PROBLEM TO SOLVE: Every record here must be copied exactly, except for the images it holds.
:: EXERCISE DATA ::
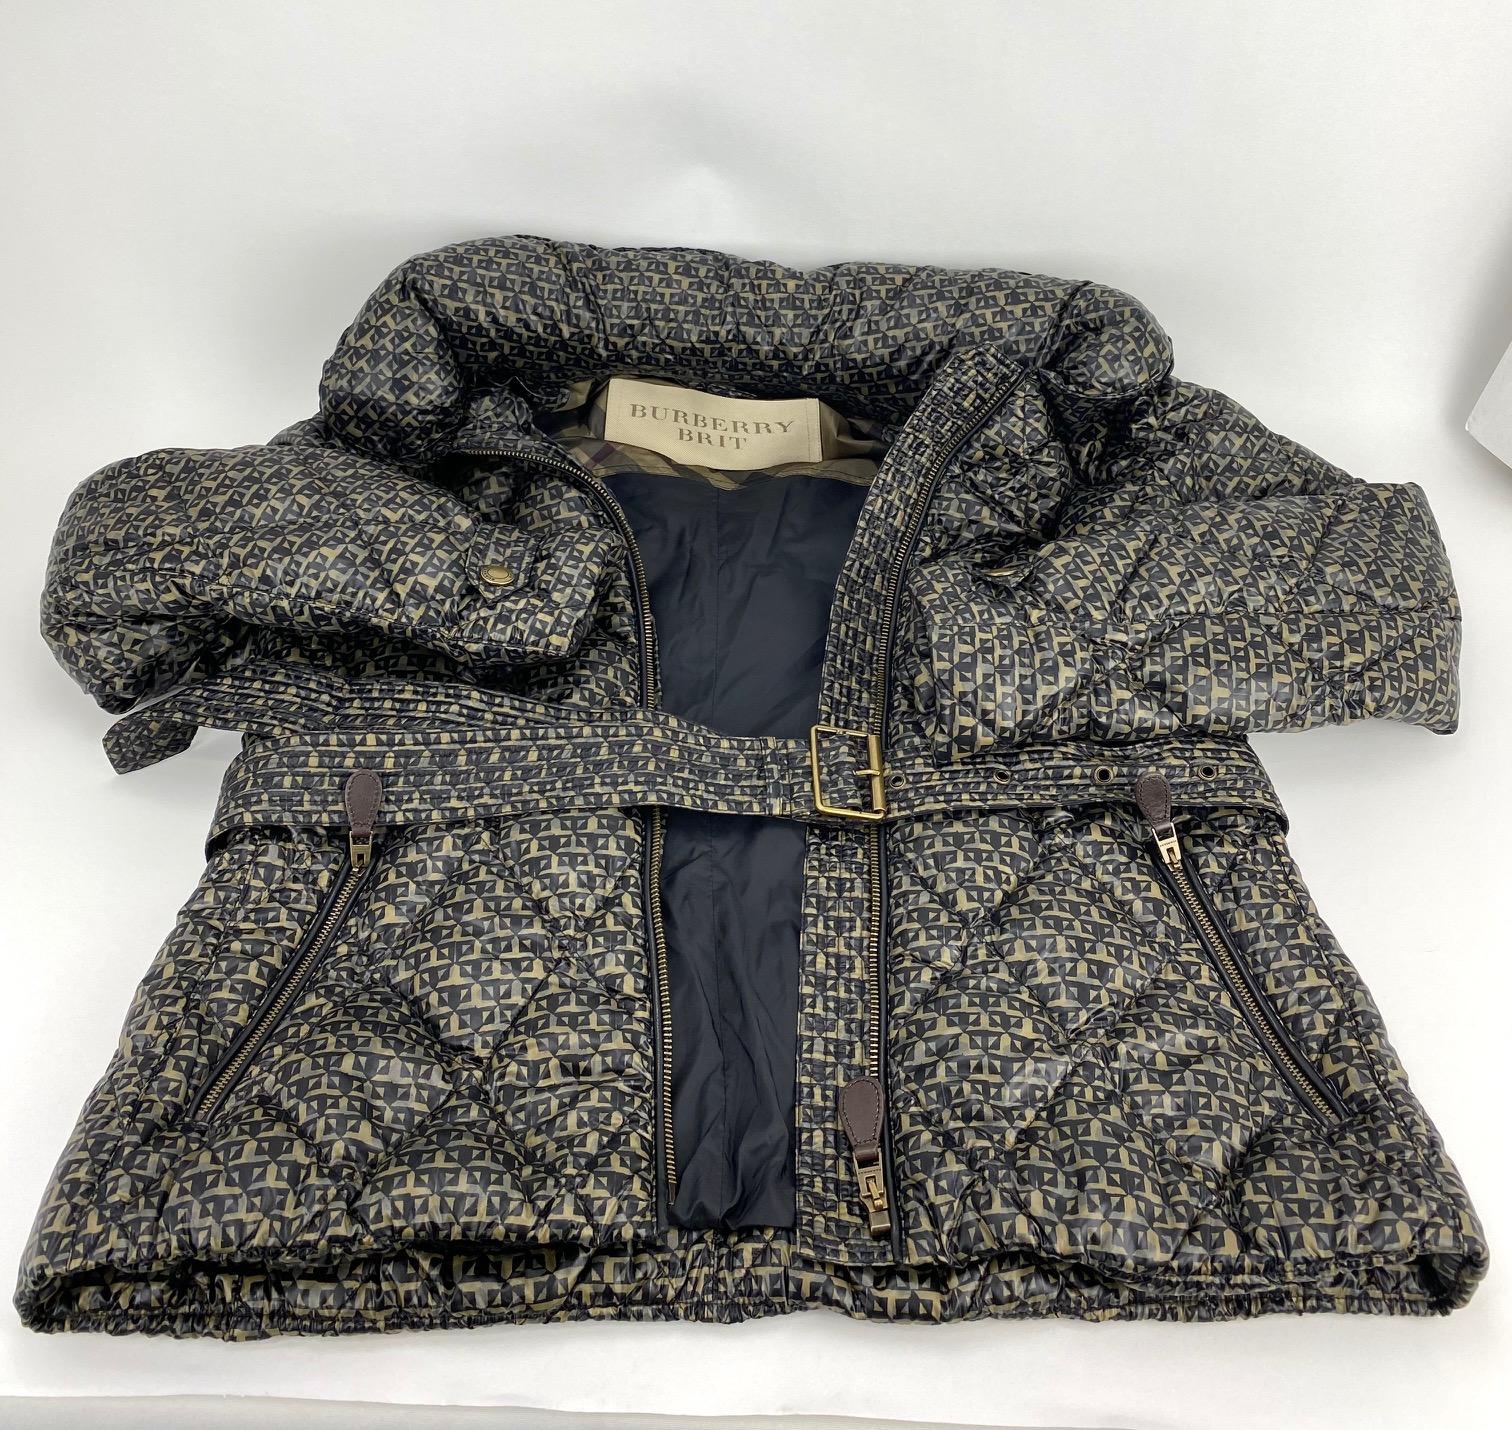 Pre-Owned 100% Authentic
Burberry Brit Gold and Black thin Down Jacket
RATING: A..excellent, near mint, only
slight signs of wear
SIZE: XL (Runs small more like a large)
MATERIAL: Outer :100% polyamide (nylon)
LINING: upper 100% polyester lower 100%
:::
RESPONSE AREA:
 Pre-Owned 100% Authentic
Burberry Brit Gold and Black thin Down Jacket
RATING: A..excellent, near mint, only
slight signs of wear
SIZE: XL (Runs small more like a large)
MATERIAL: Outer :100% polyamide (nylon)
LINING: upper 100% polyester lower 100%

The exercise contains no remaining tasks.